What to produce » Produce an exact transcription of the listing below, omitting the pictures.

Data shown »
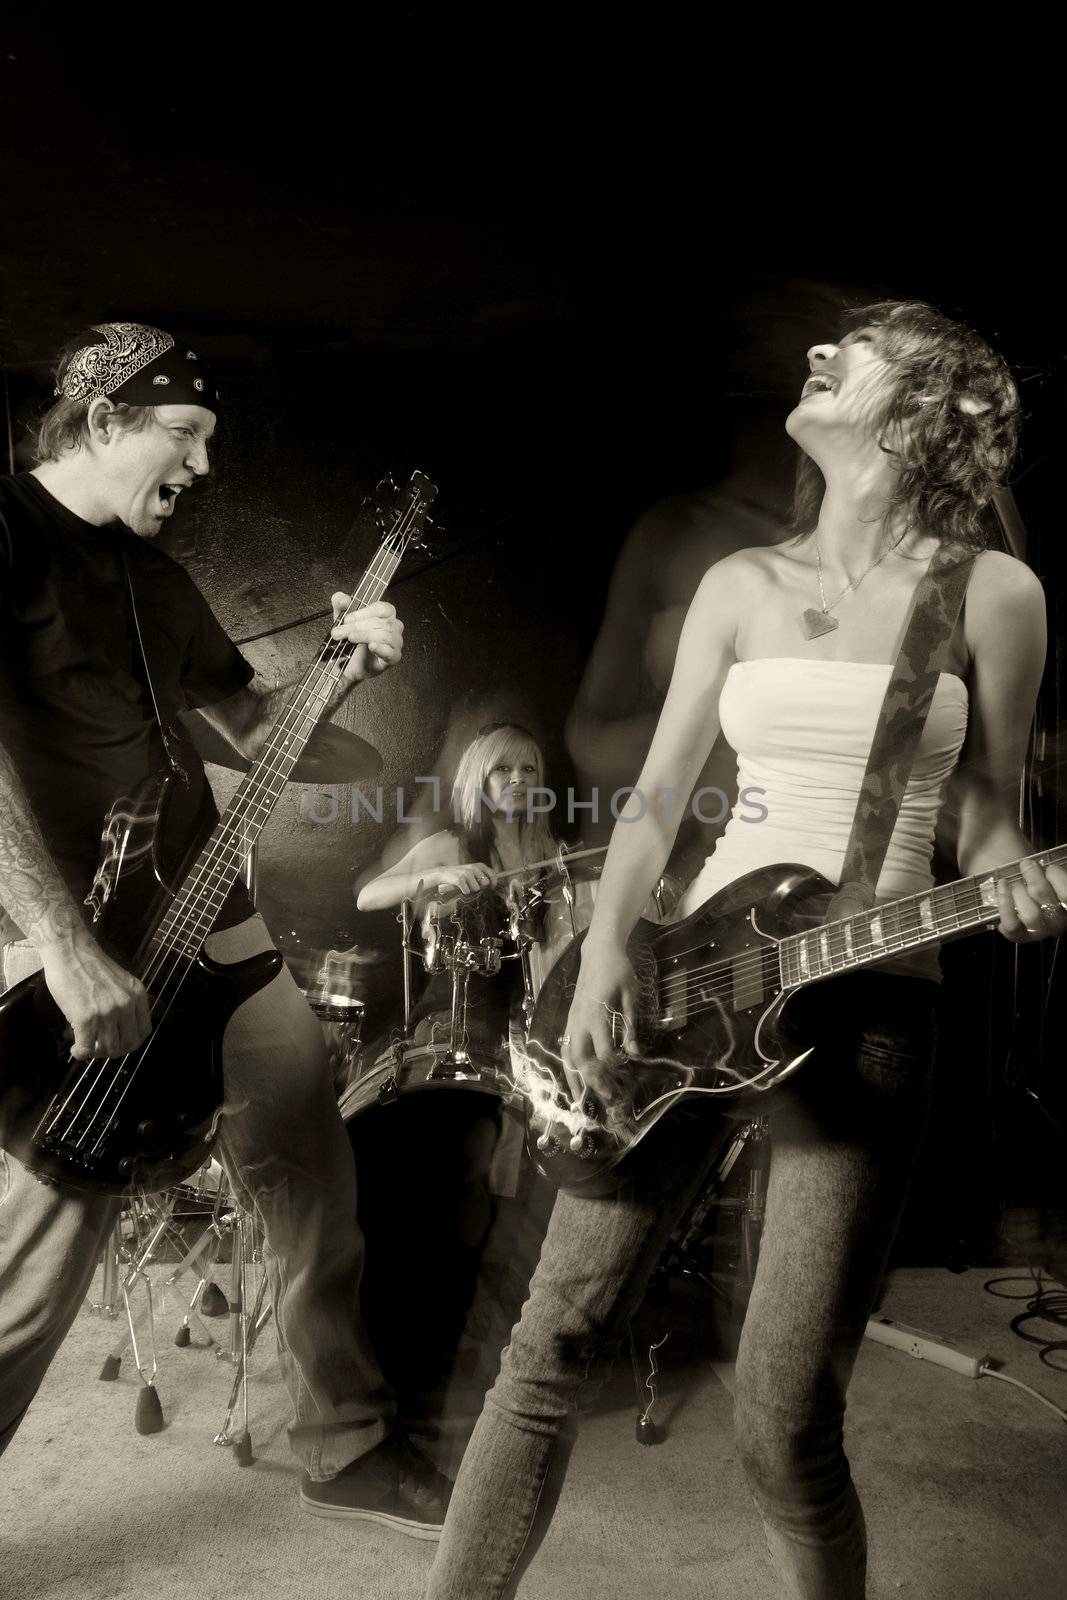 Band playing on a stage. Male bassist with female guitarist and drummer. Shot with strobes and slow shutter speed to create lighting atmosphere and blur effects. Slight motion blur on performers.
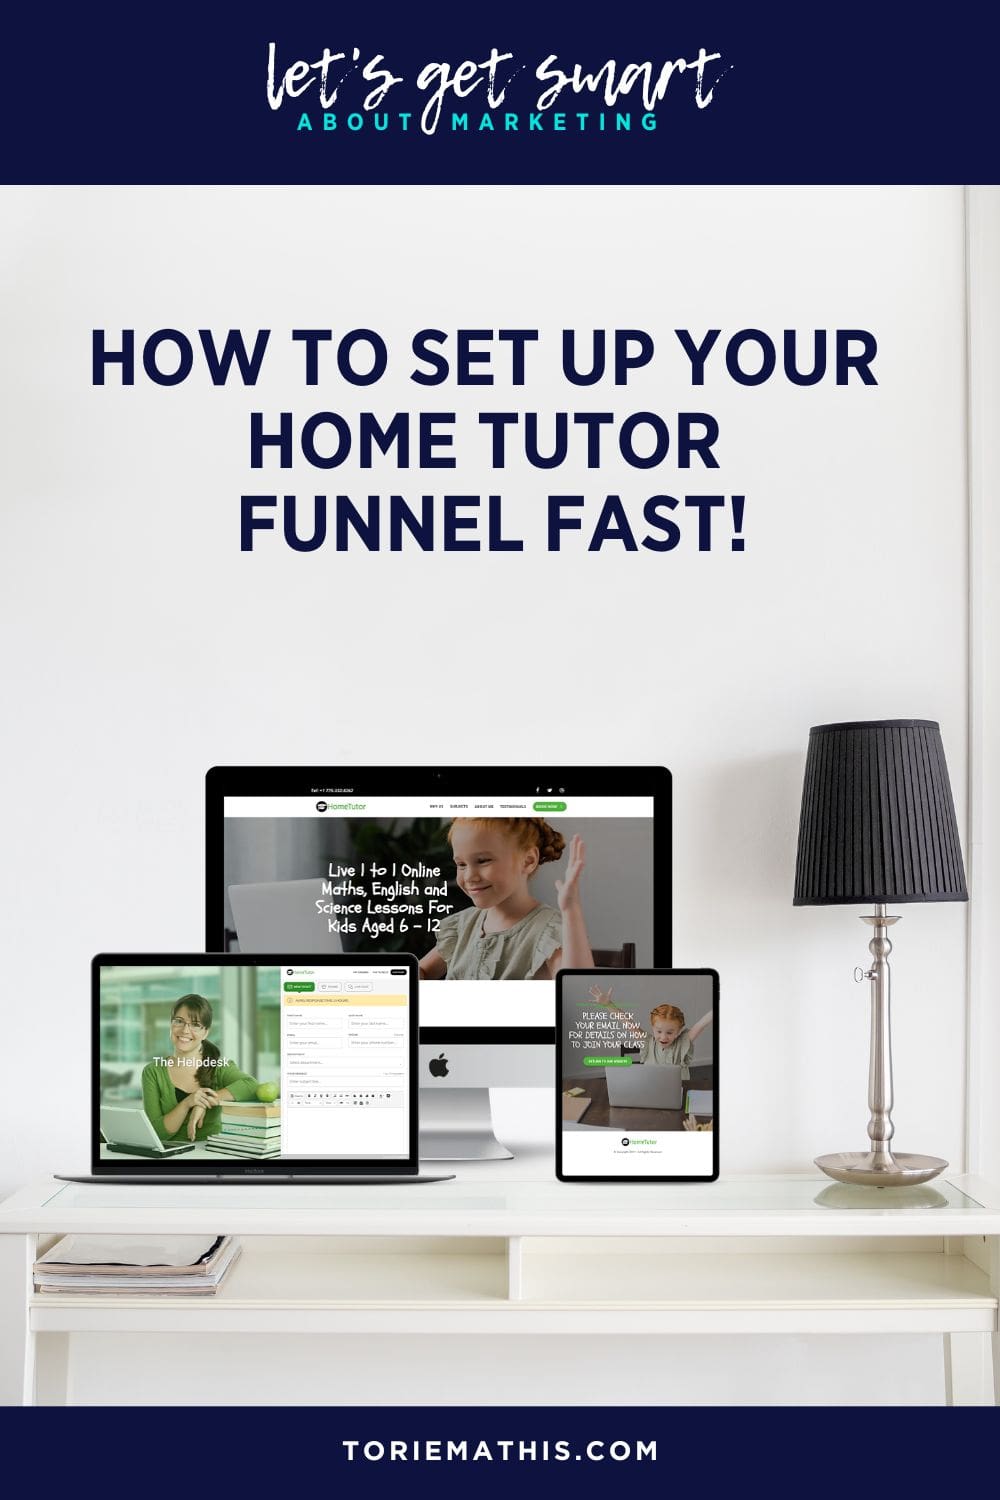 Home Tutor Funnel Template
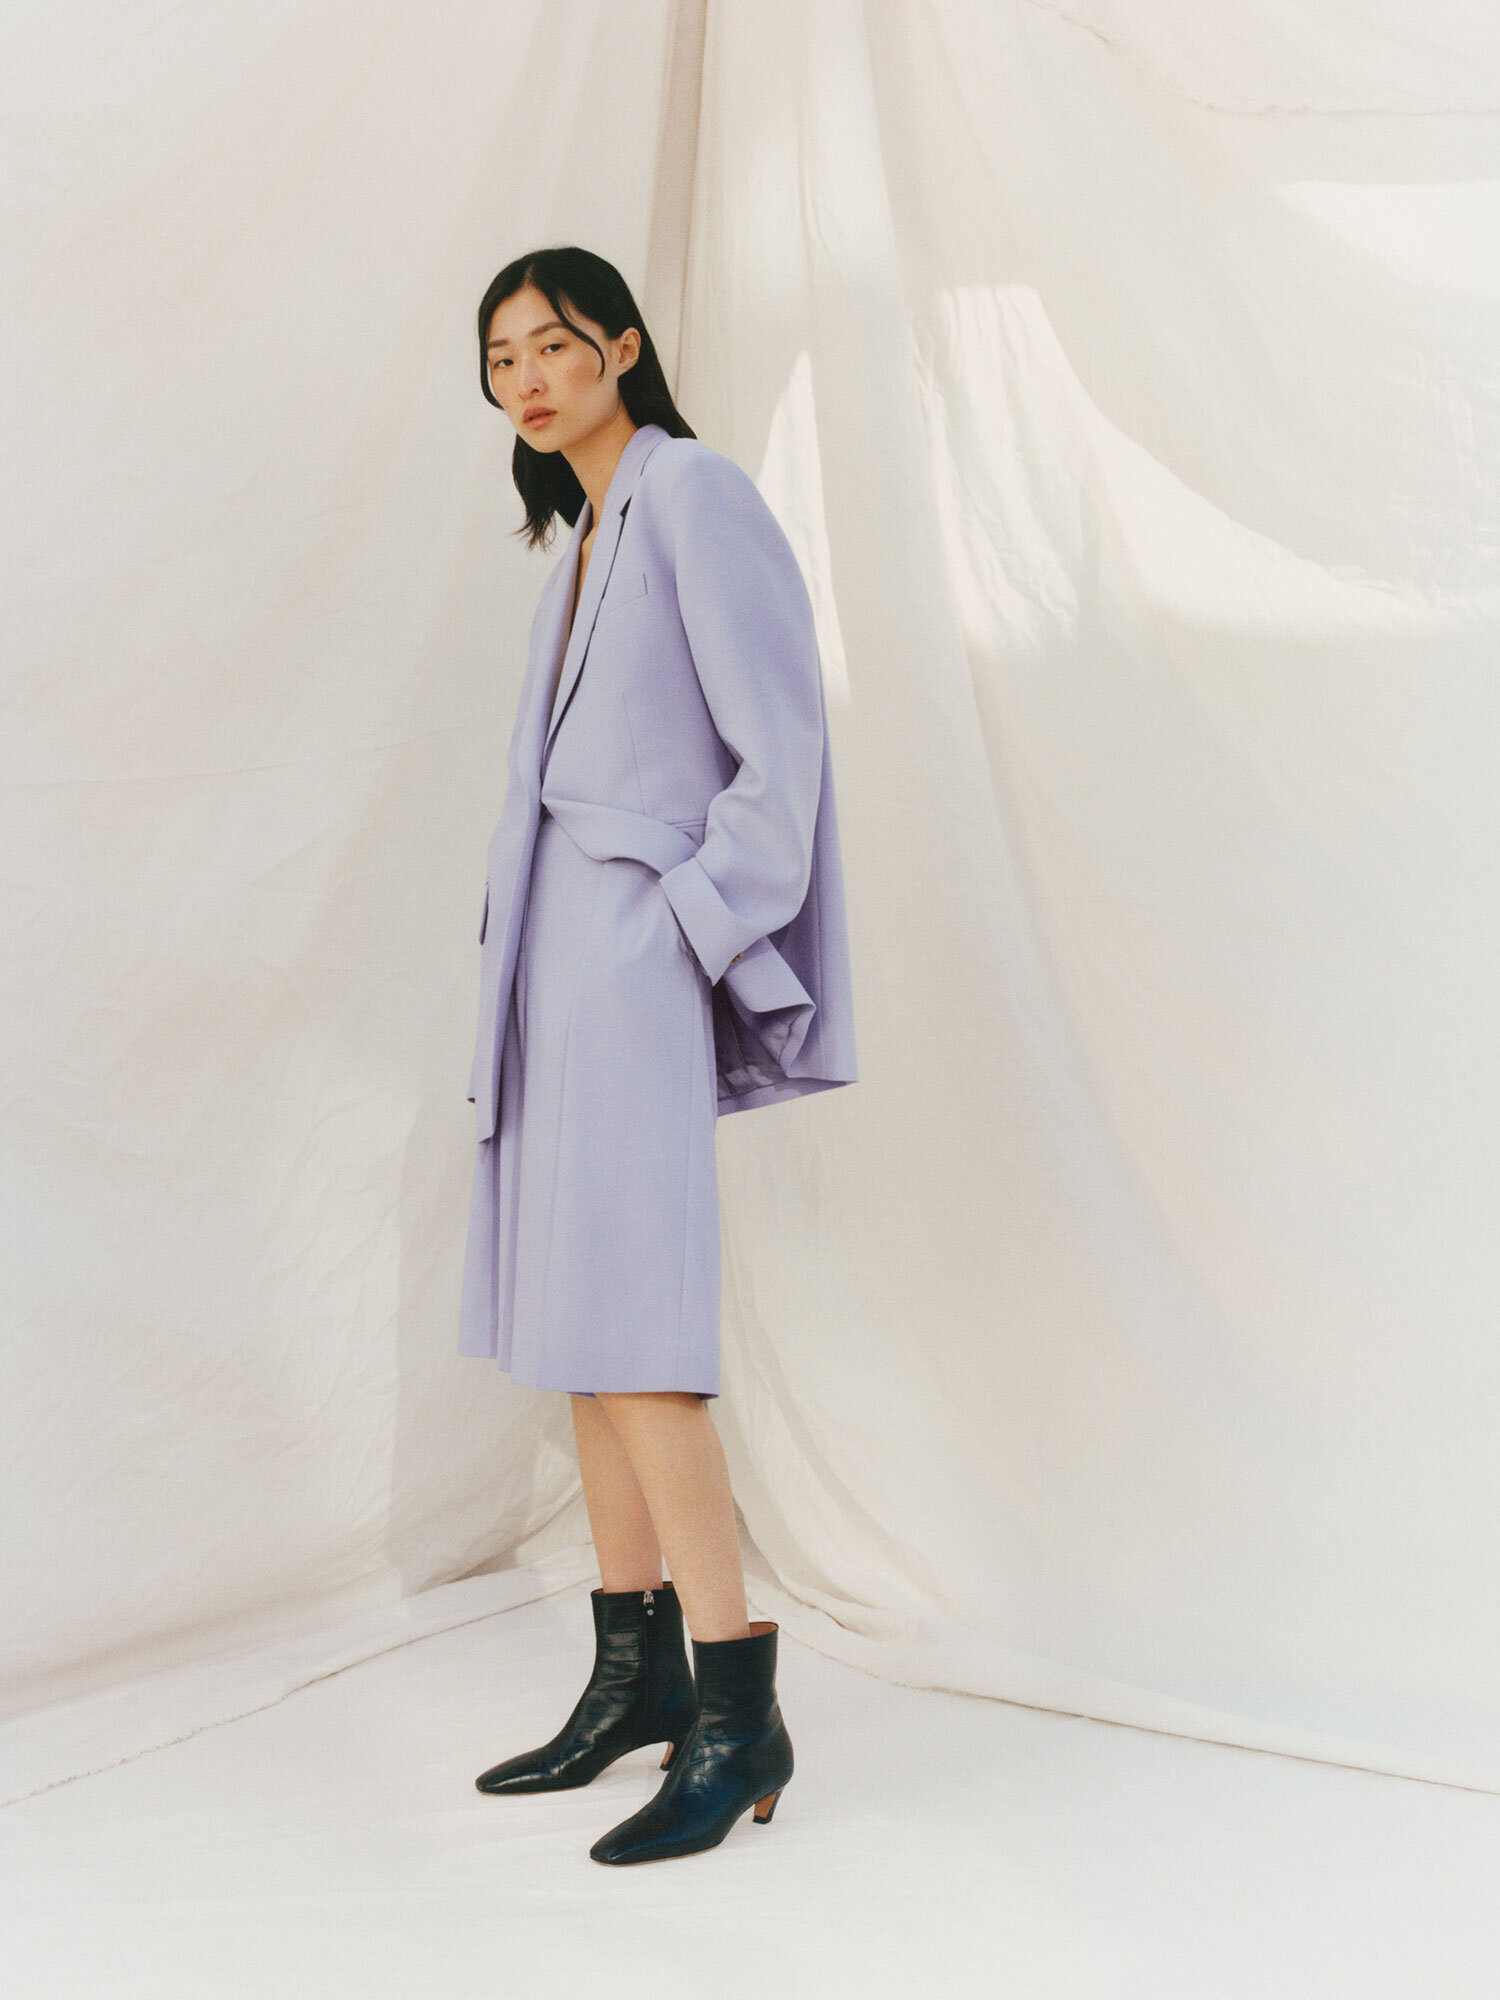 ARKET relaxed tailoring — Lucia Garcia Rey
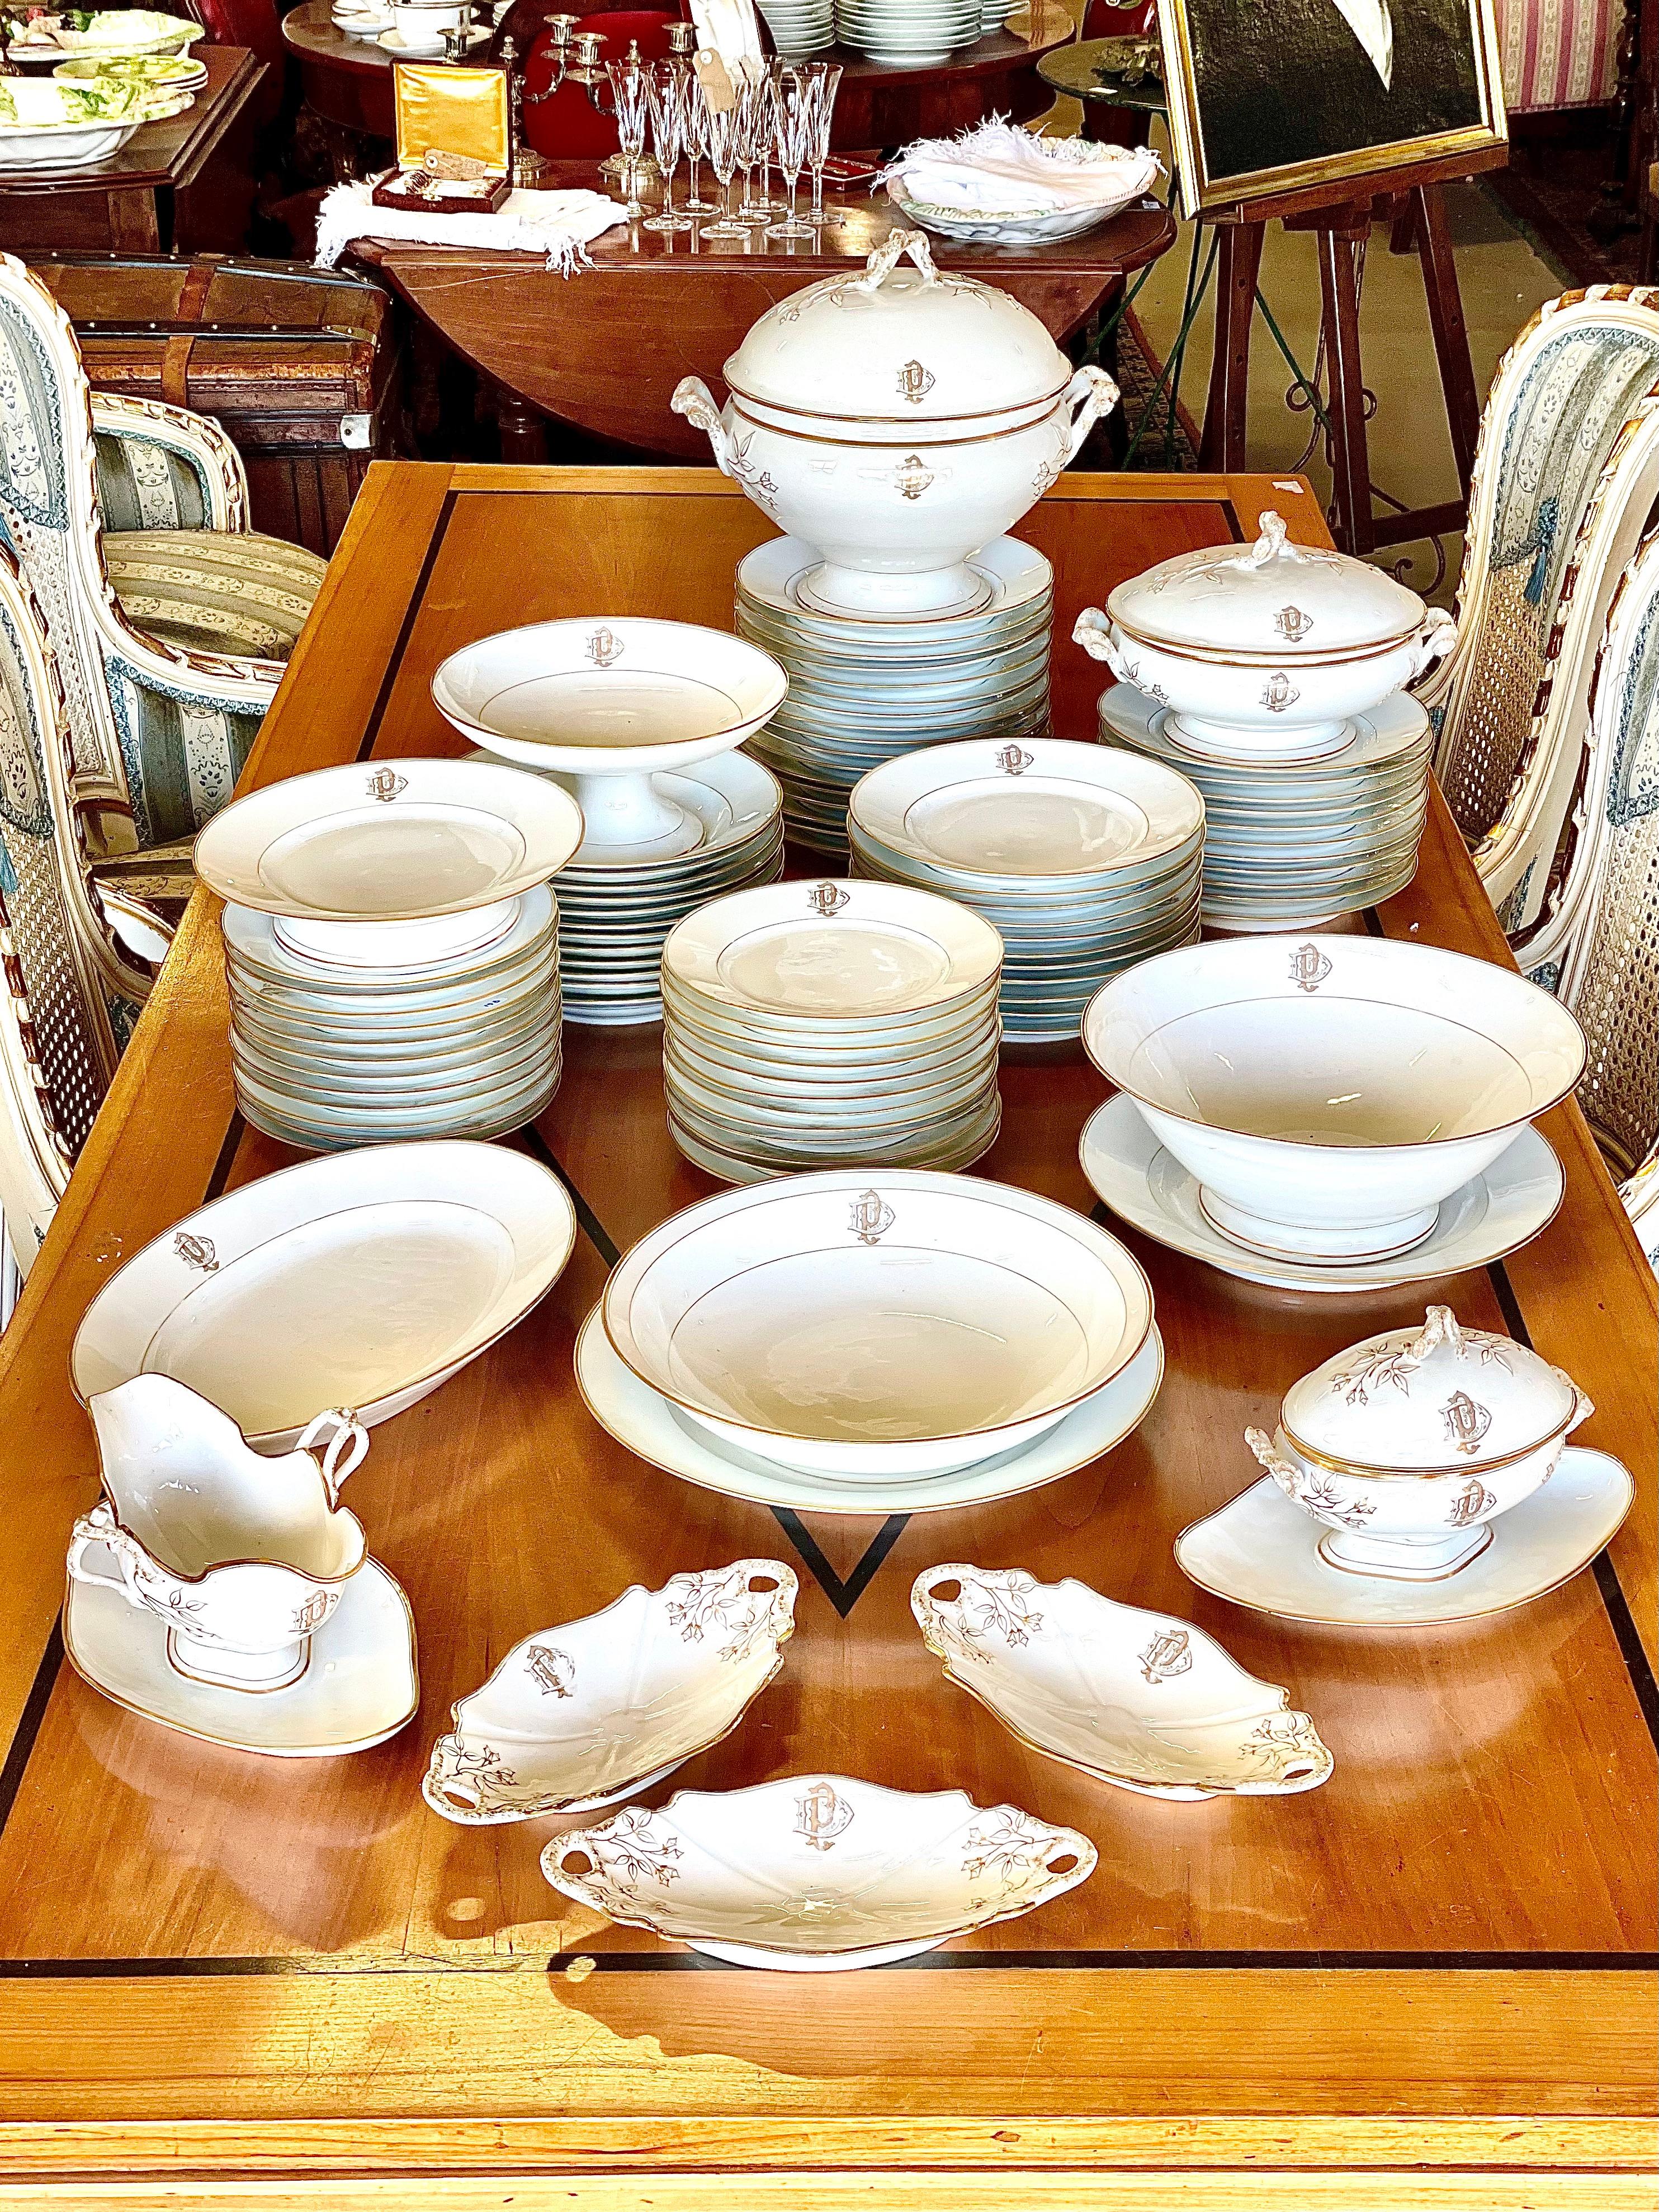 Limoges Porcelain Set of 50 Piece Dinner Service with Gilt Edges and Monogramme For Sale 3

Solution for this exercise »
 Band playing on a stage. Male bassist with female guitarist and drummer. Shot with strobes and slow shutter speed to create lighting atmosphere and blur effects. Slight motion blur on performers.
 Home Tutor Funnel Template
 ARKET relaxed tailoring — Lucia Garcia Rey
 Limoges Porcelain Set of 50 Piece Dinner Service with Gilt Edges and Monogramme For Sale 3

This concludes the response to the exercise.